*** Opening Available data ***
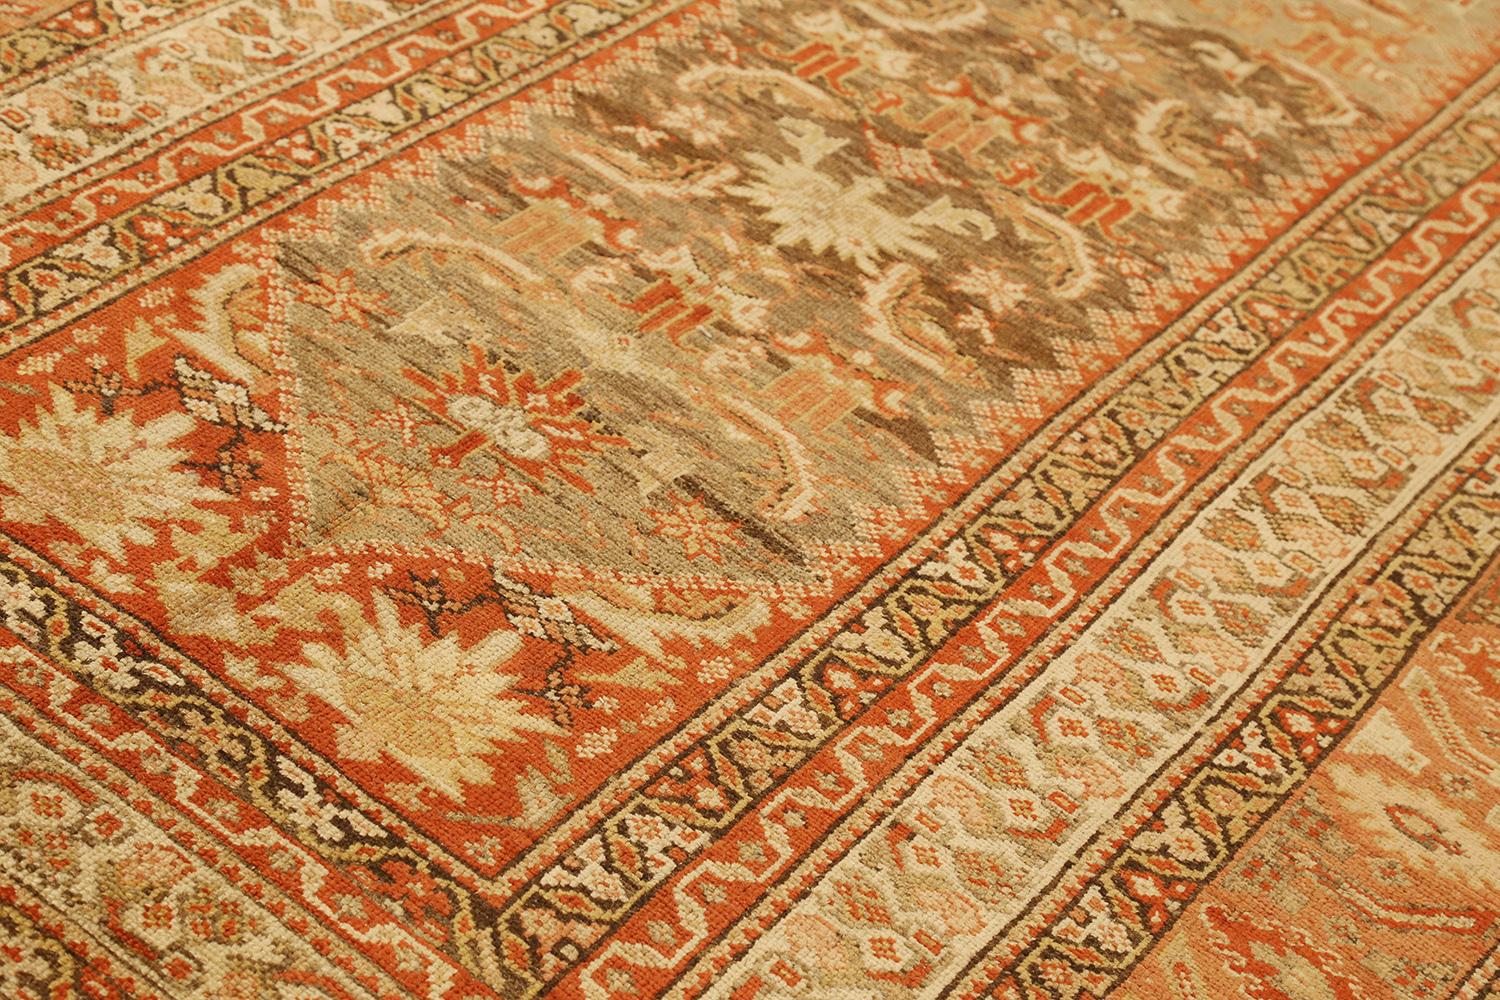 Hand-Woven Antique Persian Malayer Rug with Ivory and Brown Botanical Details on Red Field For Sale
*** Closing Available data ***
*** Opening Available data ***
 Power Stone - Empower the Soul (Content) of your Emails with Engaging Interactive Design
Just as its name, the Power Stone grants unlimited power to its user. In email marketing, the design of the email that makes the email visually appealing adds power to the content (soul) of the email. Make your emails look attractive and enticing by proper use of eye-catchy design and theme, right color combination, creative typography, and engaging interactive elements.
*** Closing Available data ***
*** Opening Available data ***
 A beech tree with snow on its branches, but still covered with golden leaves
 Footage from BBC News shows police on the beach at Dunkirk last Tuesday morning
*** Closing Available data ***
* **How to complete this task**:
Lines of the listing above that contain the word "your" must all be copied.

* **Final answer**:
 Power Stone - Empower the Soul (Content) of your Emails with Engaging Interactive Design
Just as its name, the Power Stone grants unlimited power to its user. In email marketing, the design of the email that makes the email visually appealing adds power to the content (soul) of the email. Make your emails look attractive and enticing by proper use of eye-catchy design and theme, right color combination, creative typography, and engaging interactive elements.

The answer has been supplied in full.